Who do you think we will be on in five years or even ten years?

I have no idea. I think it’s bigger than I can imagine because it’s so fast. I’m just looking at the Middle East right now, and I’m looking at the Iranian octopus that is sending his terrorists to Hezbollah in Lebanon and keeping all the Lebanese hostages in their own country. I see that they control the Hamas in Gaza, the Houthis of Yemen, and all those big arms of terror everywhere.

Everything’s heating up, and the US wants to get involved. I’m like, “Are we on the verge of World War III?” There’s so much fear-based influence on our lives right now. There is a lot of pressure. There’s social media, and there are global wars. I have no idea what the future holds. My husband is like, “It’s all for the greatest good. Everything is amazing. We’re on the verge of awakening. This is awesome.” I’m just like, “No, this is stressful, I hate it, and I’m afraid of the future.”

I was listening to a friend share something on social media, so I suppose we get most of this information these days. I resonated with it because it was about how our minds constantly manifest on some level, no matter what. That’s the brilliance of the mind, even if we don’t believe in our capacity to manifest, even if that manifests a certain reality.

We don’t have to believe that I’m a real manifester. All we have to see is that the nature of reality is manifested through our current perception of self and the external environment. We are manifesting whether we like it or not. Whether we believe we can do it or not, we are always manifesting.

AI and everything related to social media is a technological crutch for a biological imperative.

He was talking about how when 50 million people watch some kind of dystopian movie. That creates a collective energy, which then creates that much more possibility that that collective energy will define the future. I really resonate with that. That’s my experience as well. The things that we choose to focus on are the things that have the most chance of creating the type of outcome that we desire.

We might think that we don’t desire the outcome of a dystopian future. Again, it comes down to the subconscious mind and what it receives. It imprints as desire. If we’re receiving that input, then the subconscious mind is like, well, that looks like it’s what’s happening. That sounds true to me. Then, it starts to generate that possibility, even though we are afraid of that possibility happening.

It comes down to the discernment of what we choose to bring into our field, into our psyche, allowing the subconscious to recognize. This is the greatest lesson of all: to recognize that. Even on an individual level, we have agency over the future, not only of our lives but of evolution.

Do we have agency over everyone’s future, or do we have agency over our future? How does our agency affect the agency of the other billions of people who live on this planet?

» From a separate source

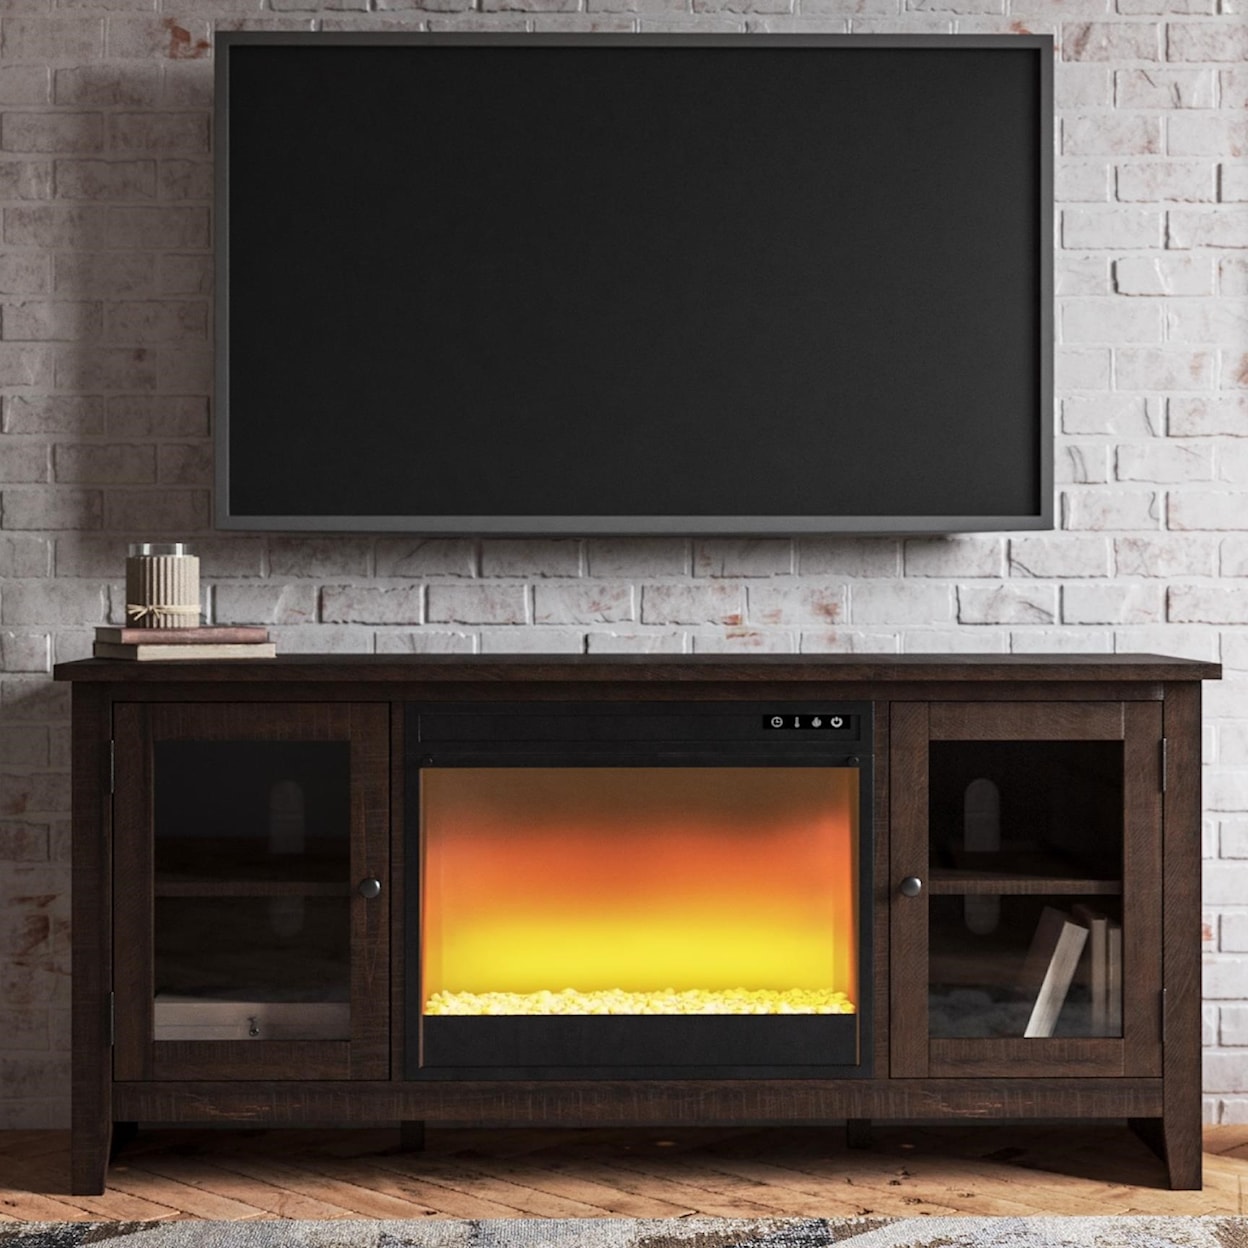 StyleLine Camiburg Large TV Stand w/ Fireplace Insert

We could look at the two as being totally integral. On the one hand, we have to start by recognizing that the personal self is largely an illusion, to begin with, but it is the focal point where there is some type of ability to somewhat control or dictate outcomes. Depending on what I choose to do, what types of foods I choose to put in my body will dictate how I feel in a few hours.

If we expand that beyond into who we choose to interact with, the ideas we choose to consume, etc., that will then affect this localized personal being. But at the same time, one can never separate one’s individual being from the greater humanity. Even in this conversation, you and I will leave with a certain type of integrated and integral experience that is shifting the timelines of human potential simply from this conversation alone.

They can’t not. Not to over-inflate anything. It’s just reality. This is the same reality as two people having a conversation over lunch about their issues with their boss. That will shift the timeline of their collective reality, shifting the timeline of the collective reality on some level of the greater whole.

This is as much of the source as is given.